TORONTO, JULY 13, 2017 – In the sixth wave of the Campaign Research Poll, a national online public opinion omnibus survey conducted among a sample of 1,540 Canadian consumers, just one tenth (10%) of participants were familiar with the Boycott, Divest and Sanctions (BDS) movement directed at the State of Israel. Awareness of this movement is highest in Alberta (13%), Toronto (13%), the Atlantic provinces (13%), BC (14%), high income earners ($80,000 to $100,000 - 13%; $100K to $250K - 14%), younger consumers (25 to 34 - 15%) and males (12%).

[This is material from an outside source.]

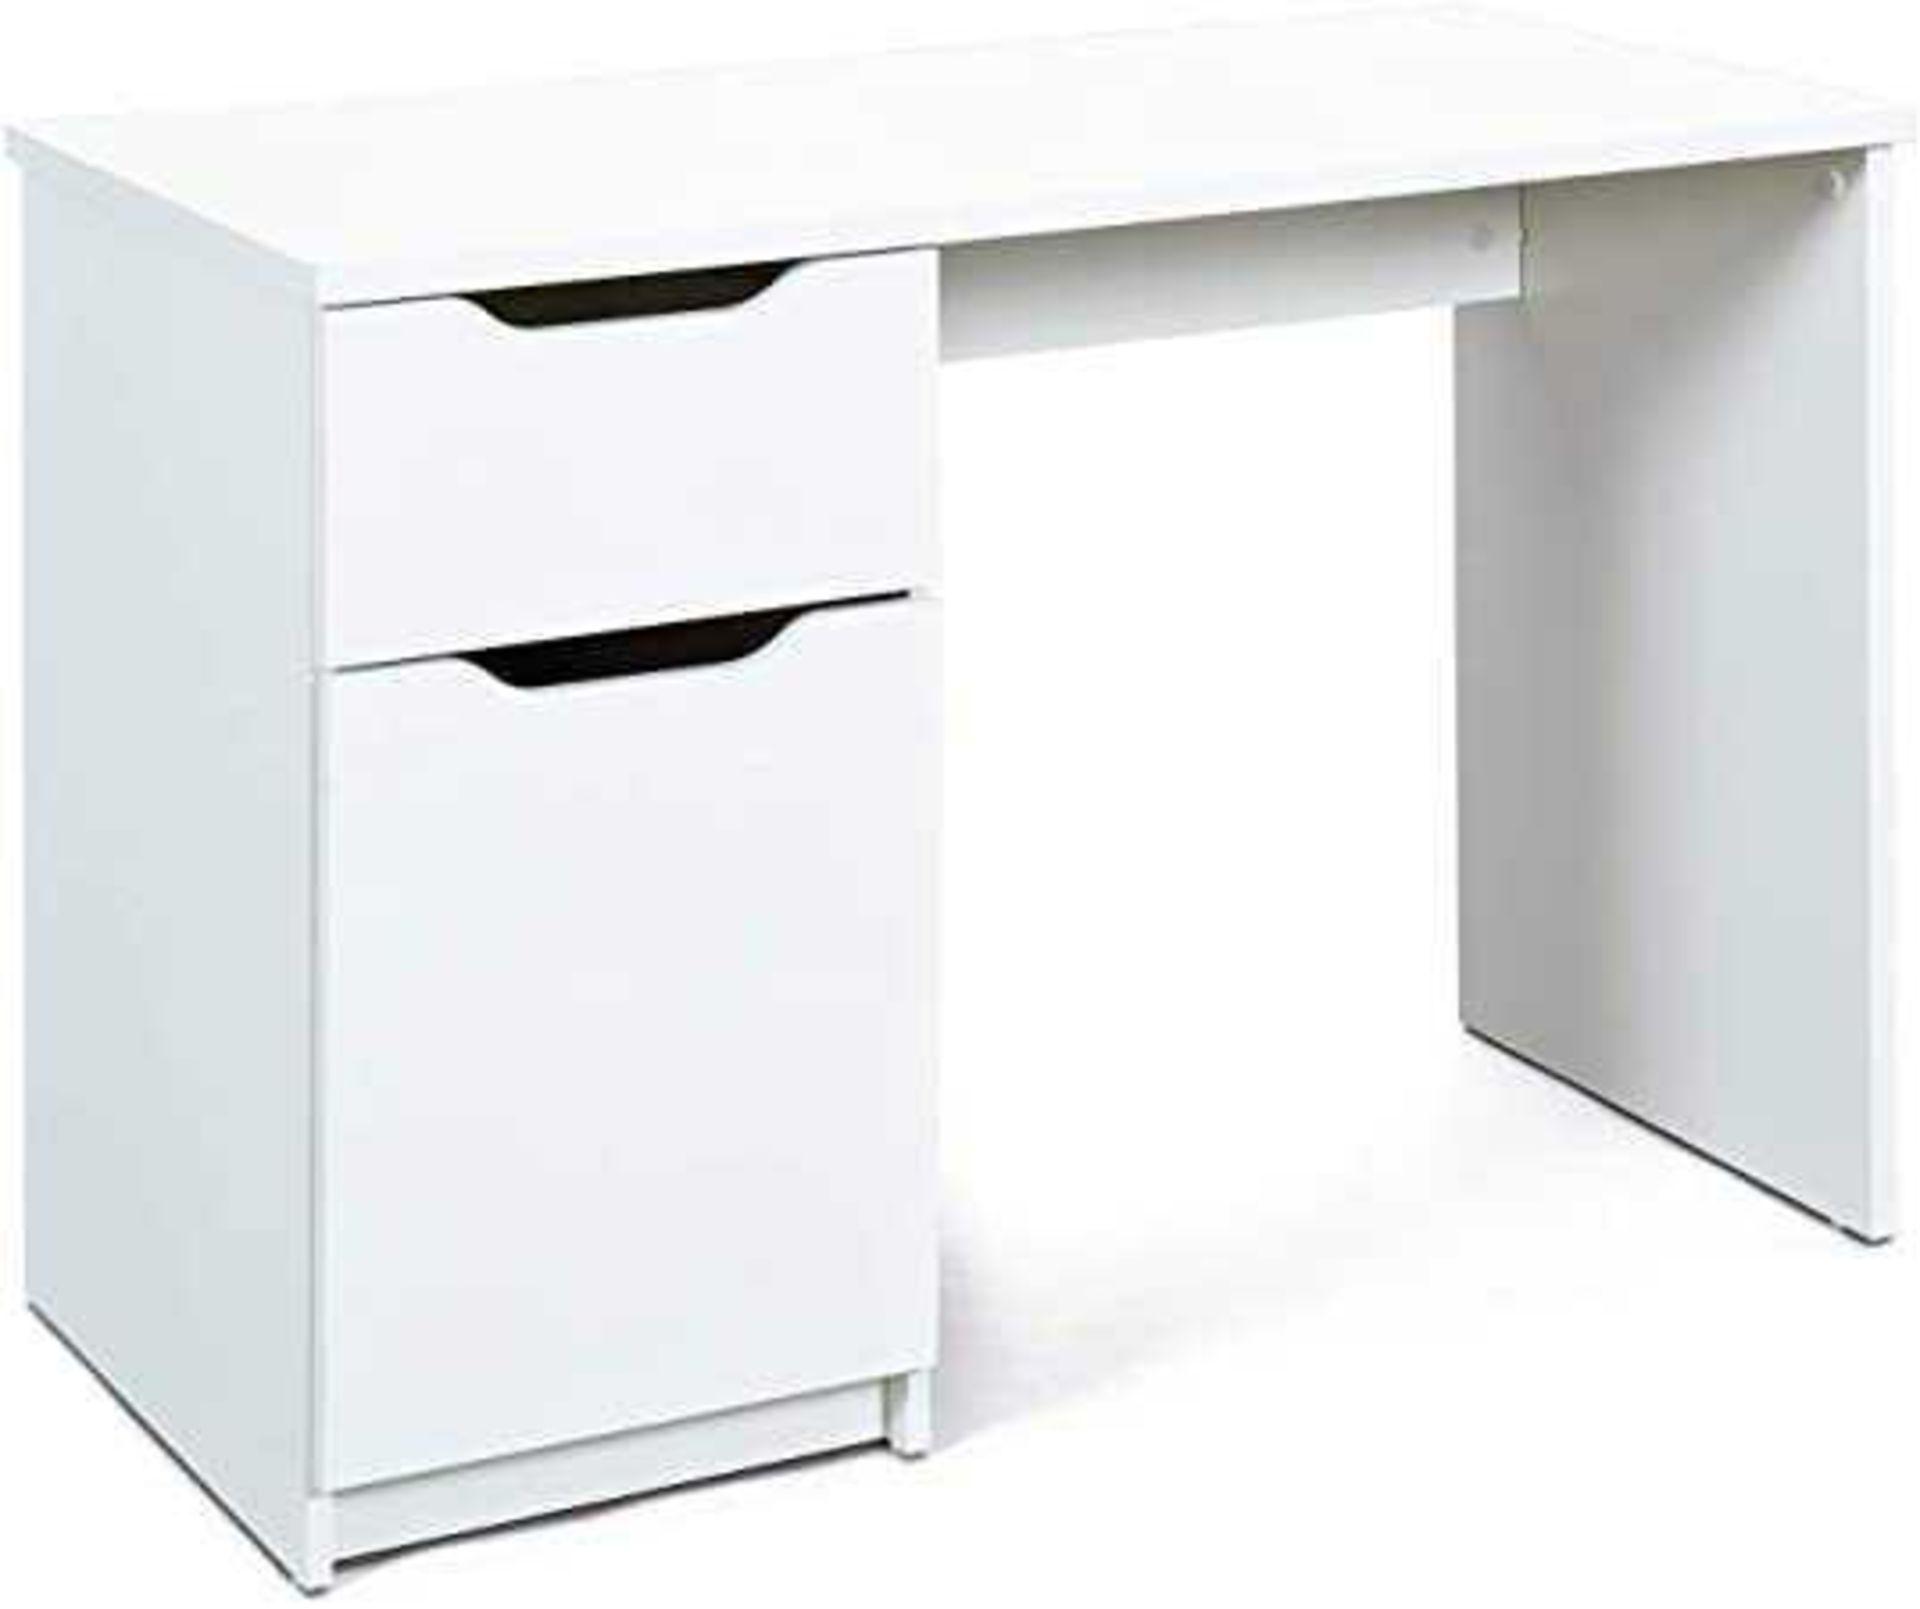 RRP £190 - Boxed 'Westphalen' 1 Door, 1 Drawer Office Desk In White Melamine Coated Wood

During our study, participants were told that the objective of the BDS movement is to encourage a boycott, divestment of assets and economic sanctions against the State of Israel. They were asked whether they agree or disagree with this position. One fifth agreed (19%), whereas slightly less than one third disagreed (31%). However, half of the participants did not have an opinion on the subject (49%). This could be ascribed to the low awareness of the BDS movement. Agreement with BDS was highest amongst younger consumers (18 to 24 years of age - 32%), males (22%), more than females (16%), Quebec (26%) and BC (22%). There was also greater agreement with the BDS movement amongst Francophones (28%) over English speakers (17%), Bloc and Green supporters (35% each) as well as the wealthiest ($100K to $250K - 23%).


Among those who were aware of the BDS movement, the plurality agreed with its objective (43%), while a slightly smaller proportion did not (40%). One fifth did not have an opinion on this issue (17%).


“Very few Canadians are aware the BDS movement exists. However, its familiarity and approval amongst millennials may be due to its academic value in universities as a prominent foreign policy issue.” said Eli Yufest, CEO of Campaign Research. Eli may be reached at eyufest@campaignresearch.ca or at (647) 931 4025, ext 109




This online poll was conducted between July 7 and July 10, 2017 among a panel of 1,540 Canadian consumers. A probability sample of this size would have a margin of error of plus or minus 2%, 19 out of 20 times.